EXERCISE: Every line of the listing is returned unchanged, and every picture is dropped.

[DATA BELOW Boundary: Start]

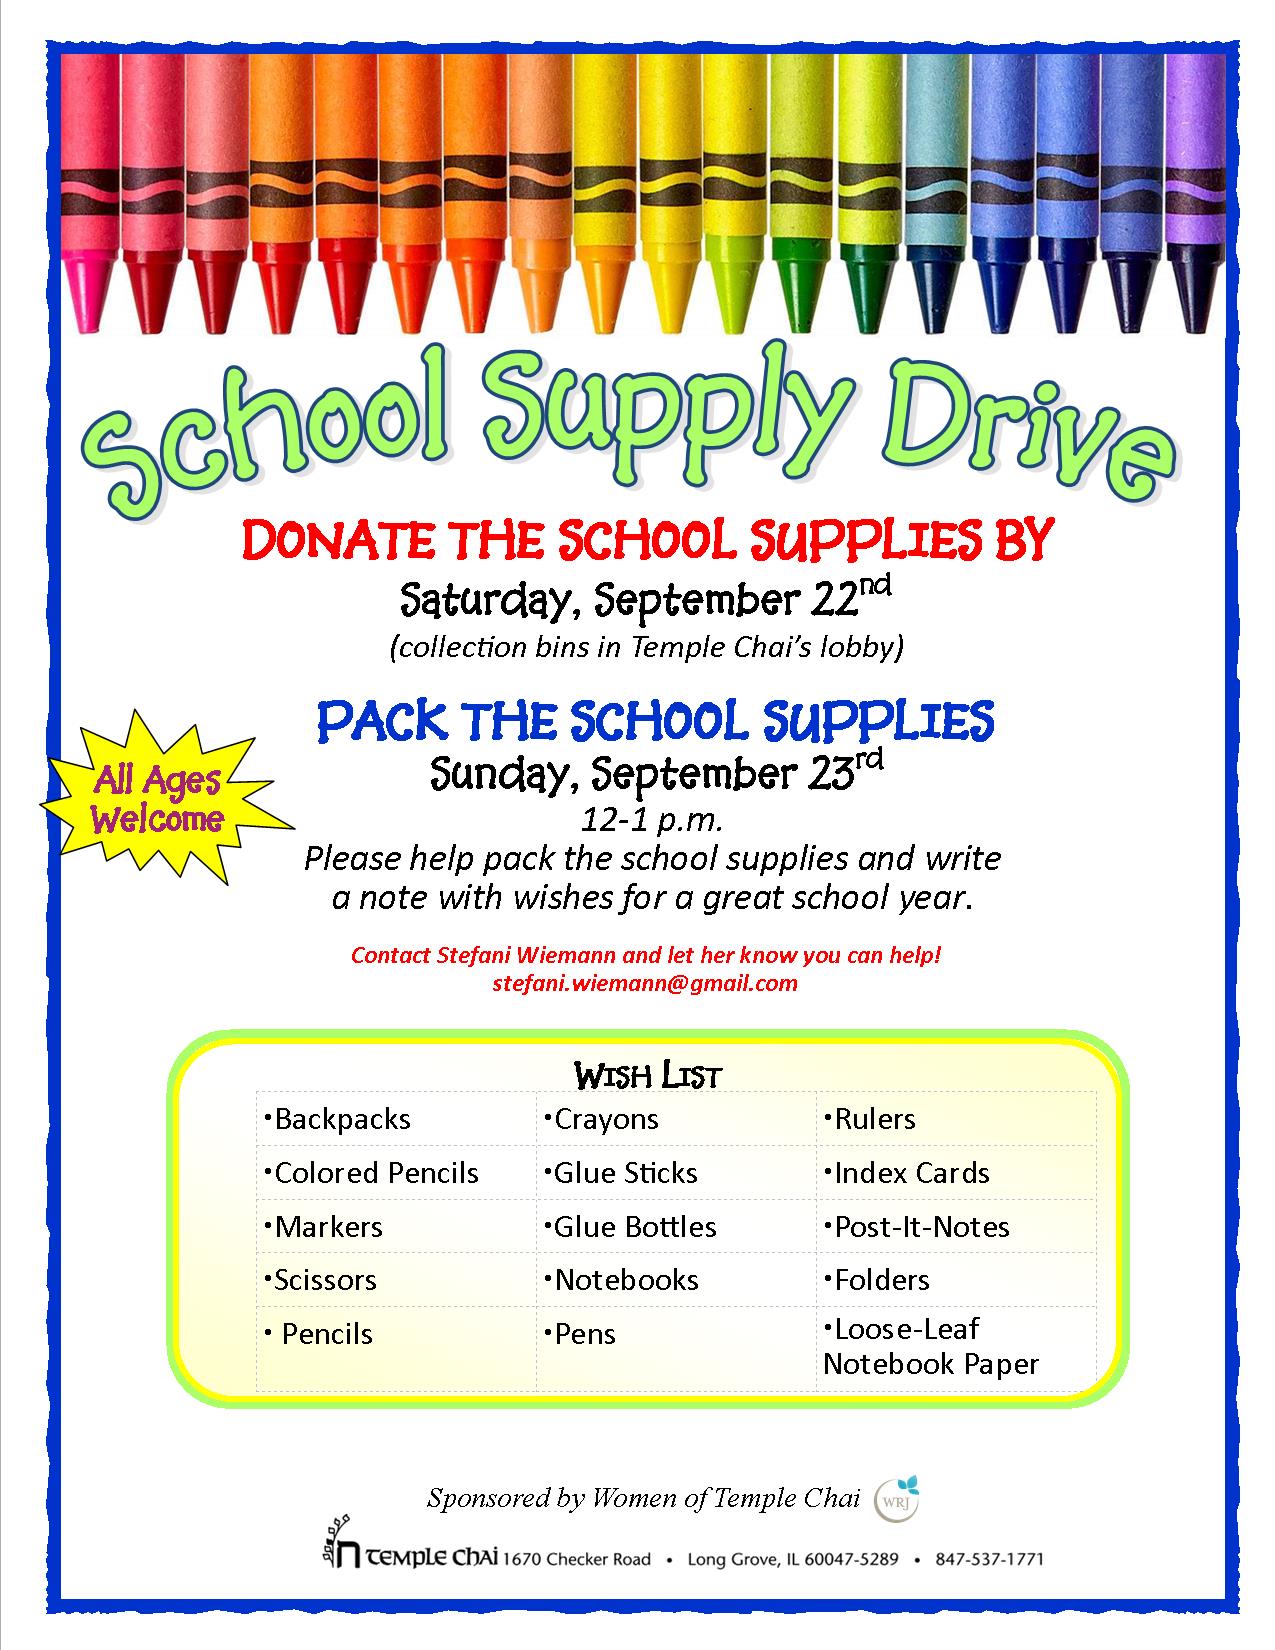 Where to Donate School Supplies
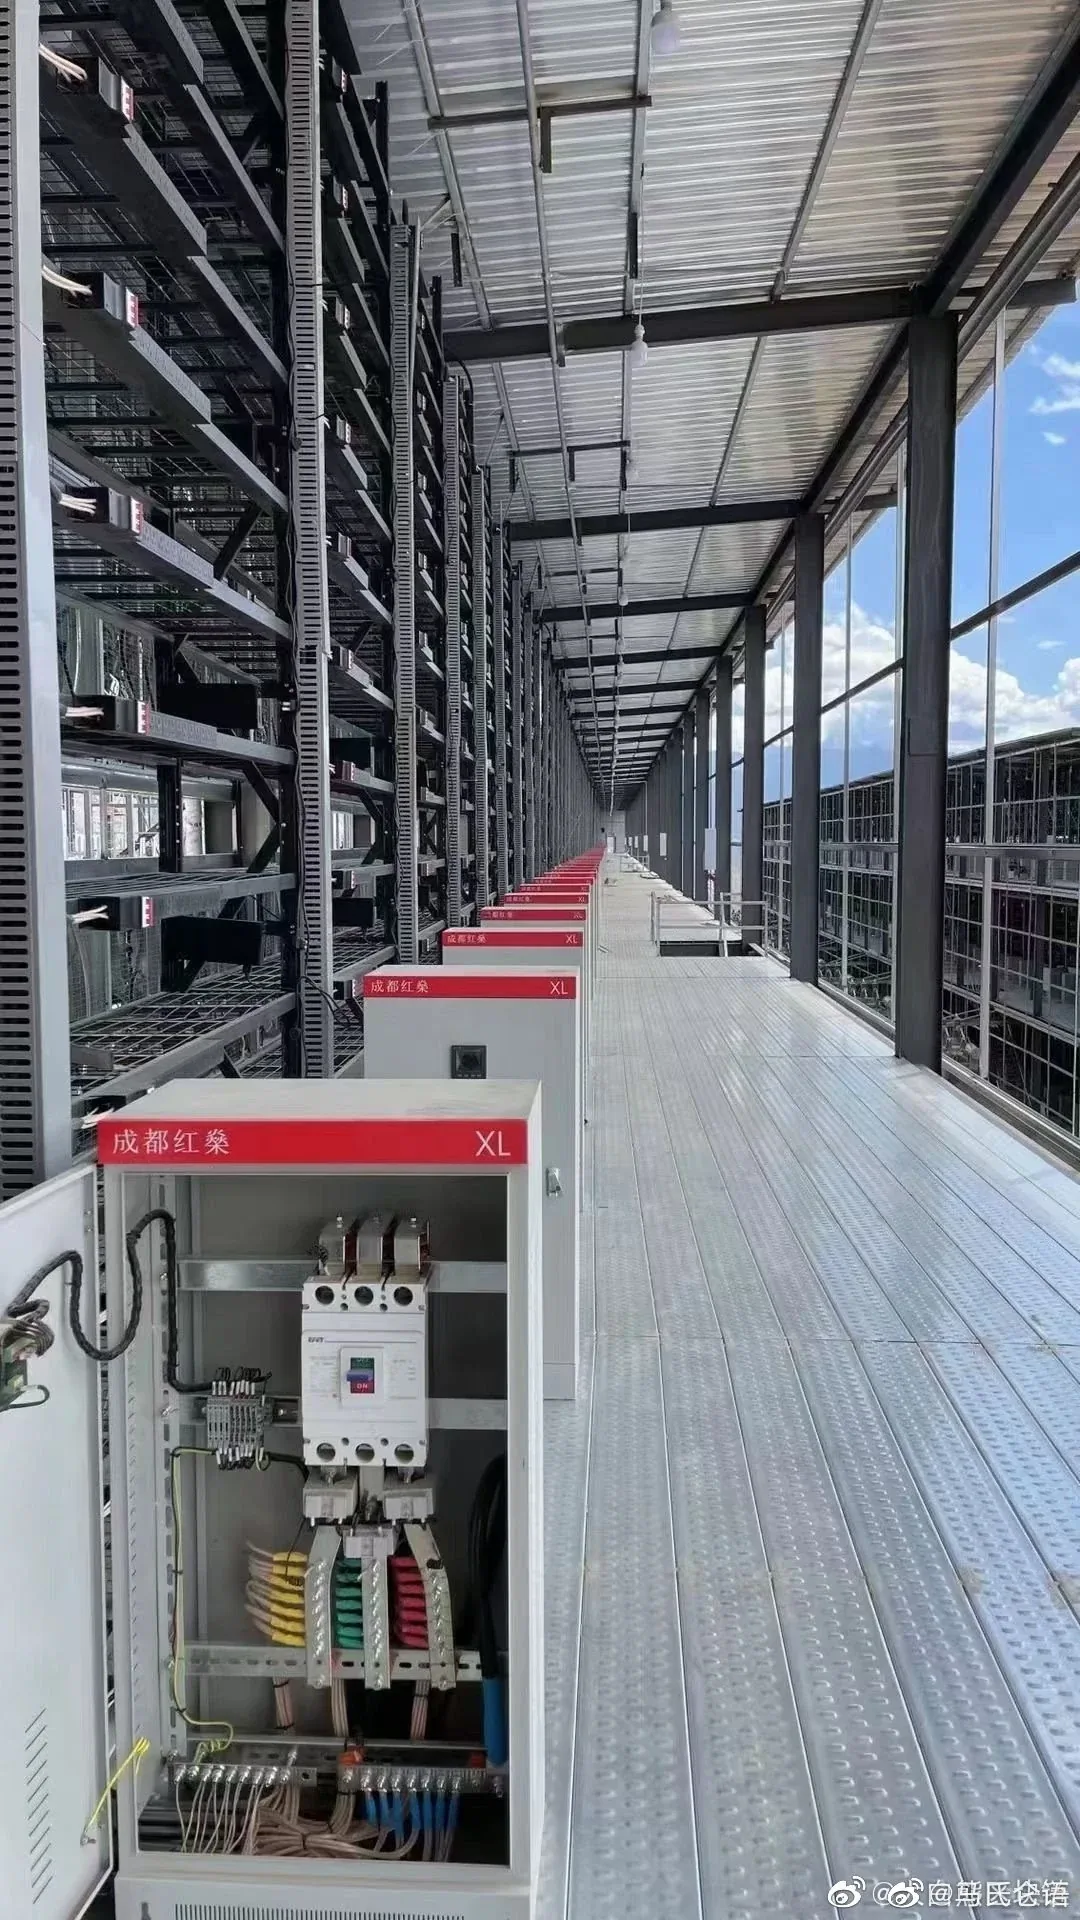 A metal platform with empty Bitcoin mining racks on the left.
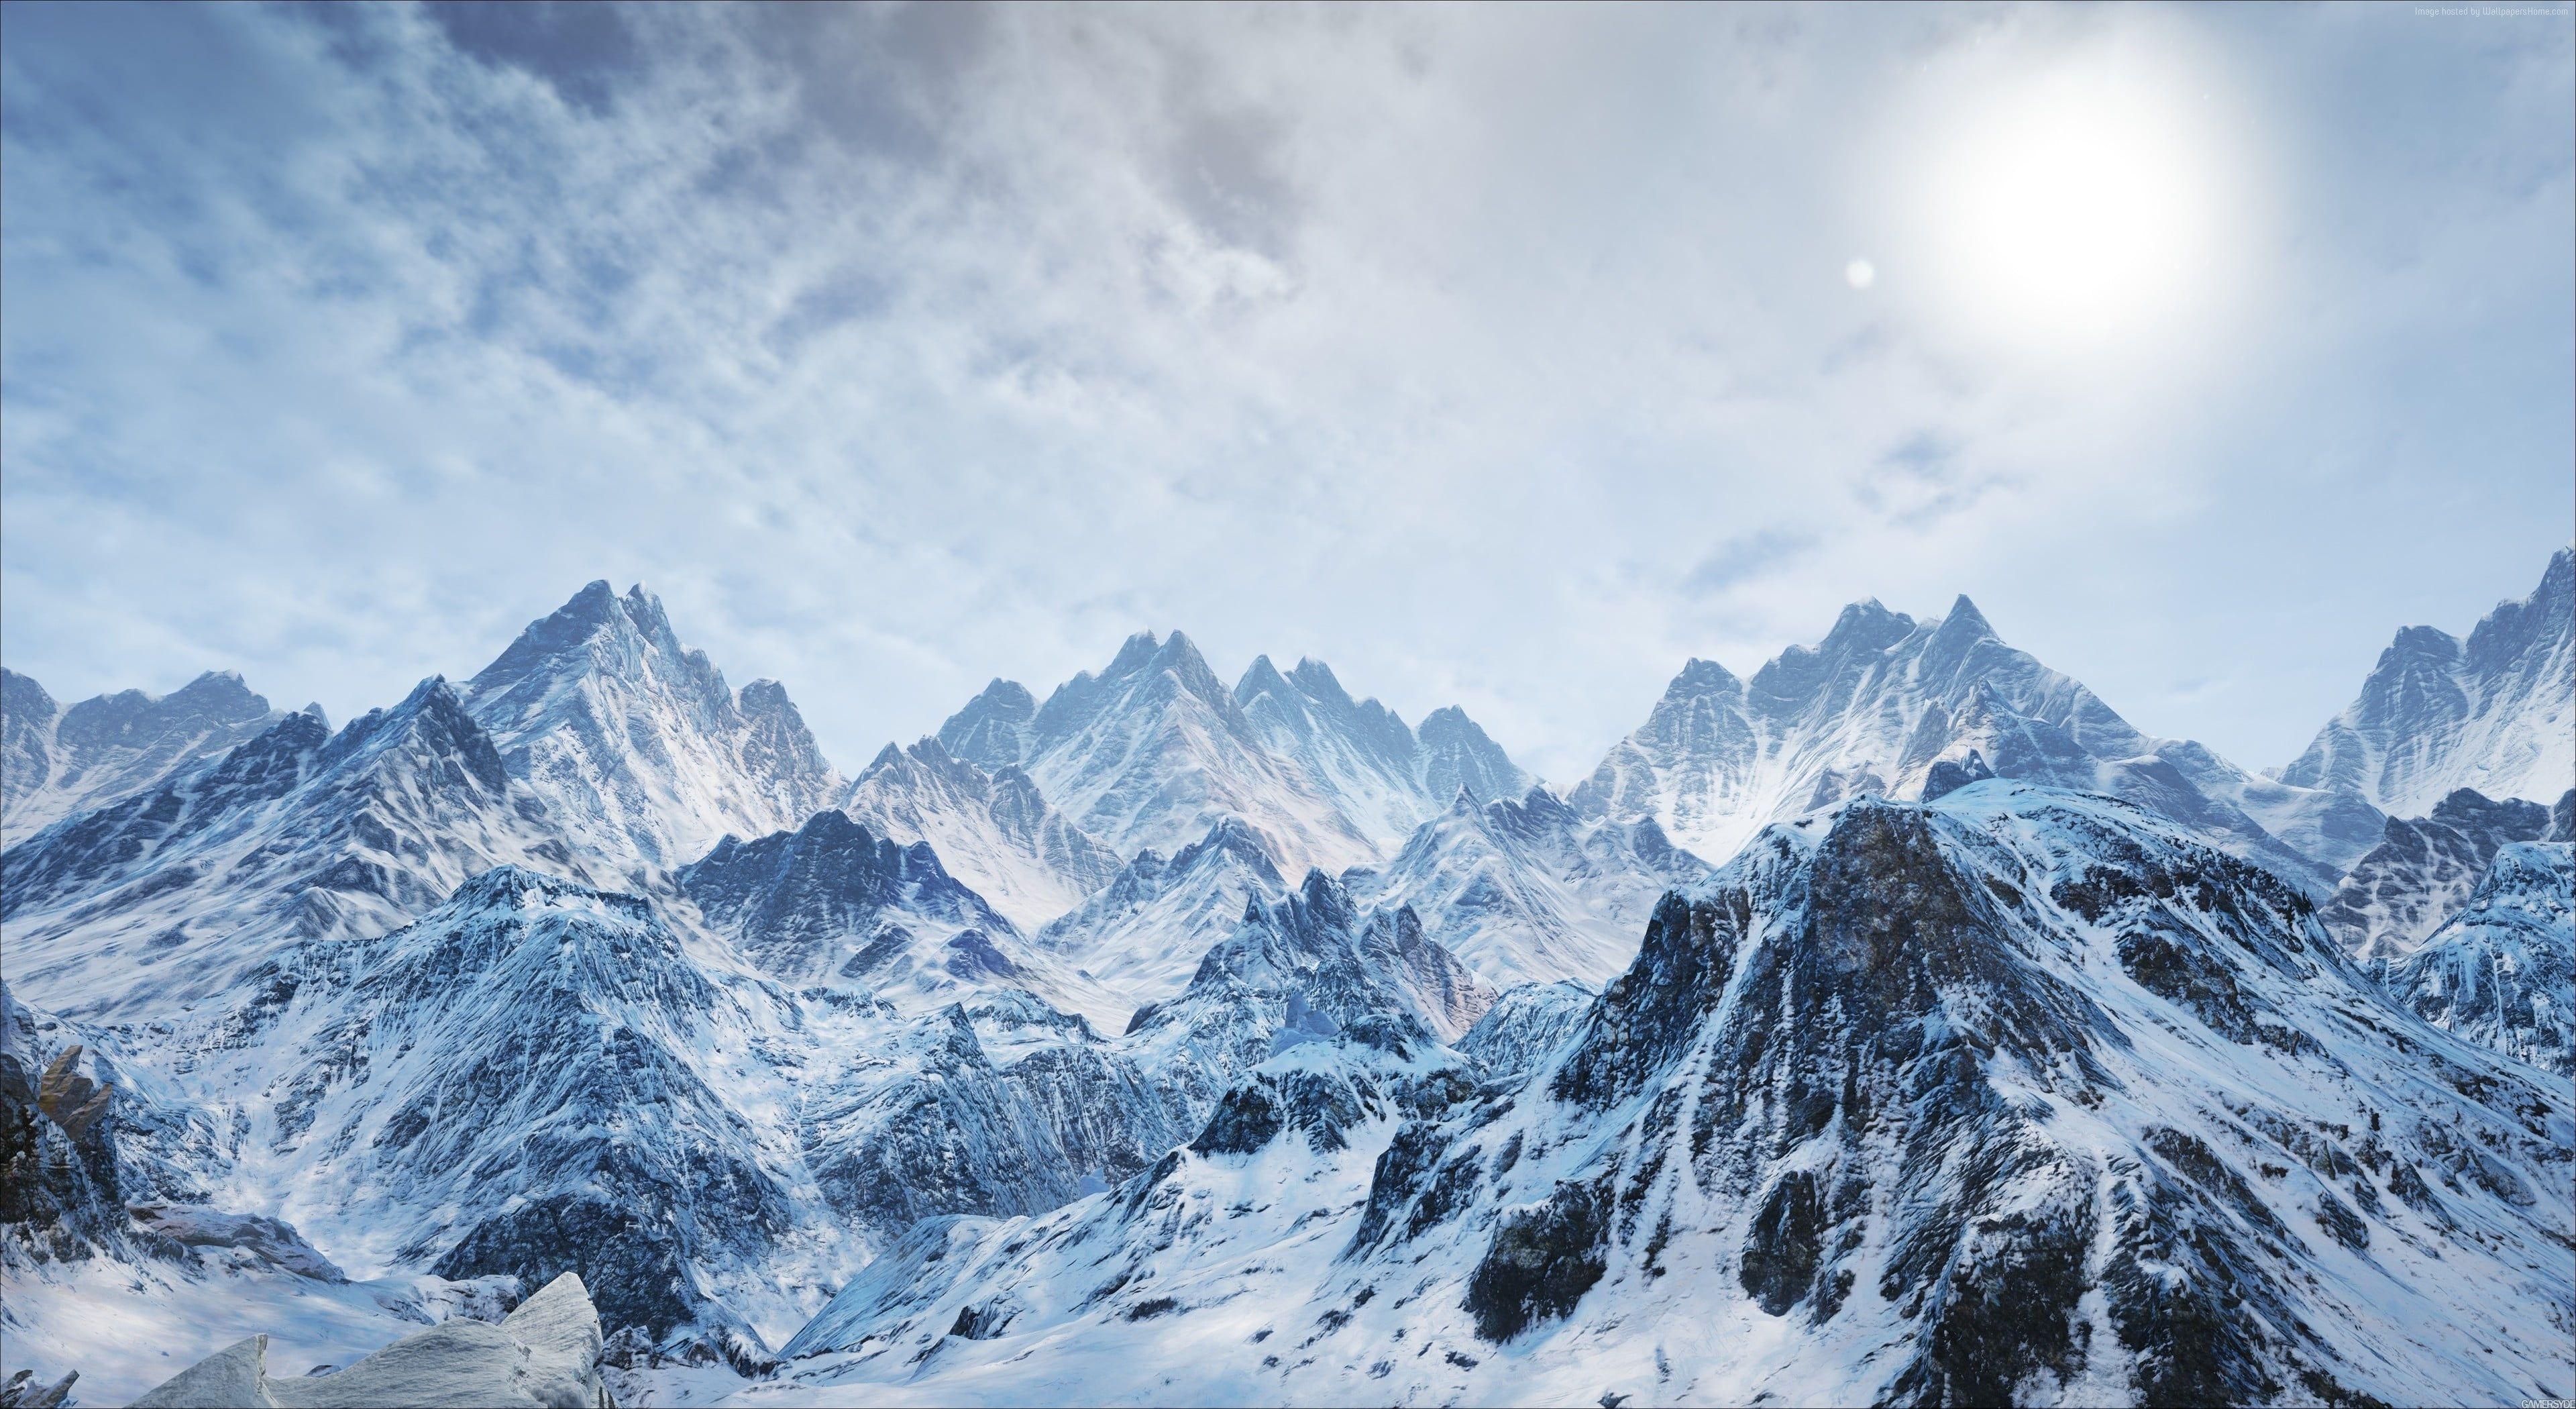 Snow Capped Mountains Wallpapers - Top Free Snow Capped Mountains

[DATA BELOW Boundary: End]

RESULT OF THE TASK:
 Where to Donate School Supplies
 A metal platform with empty Bitcoin mining racks on the left.
 Snow Capped Mountains Wallpapers - Top Free Snow Capped Mountains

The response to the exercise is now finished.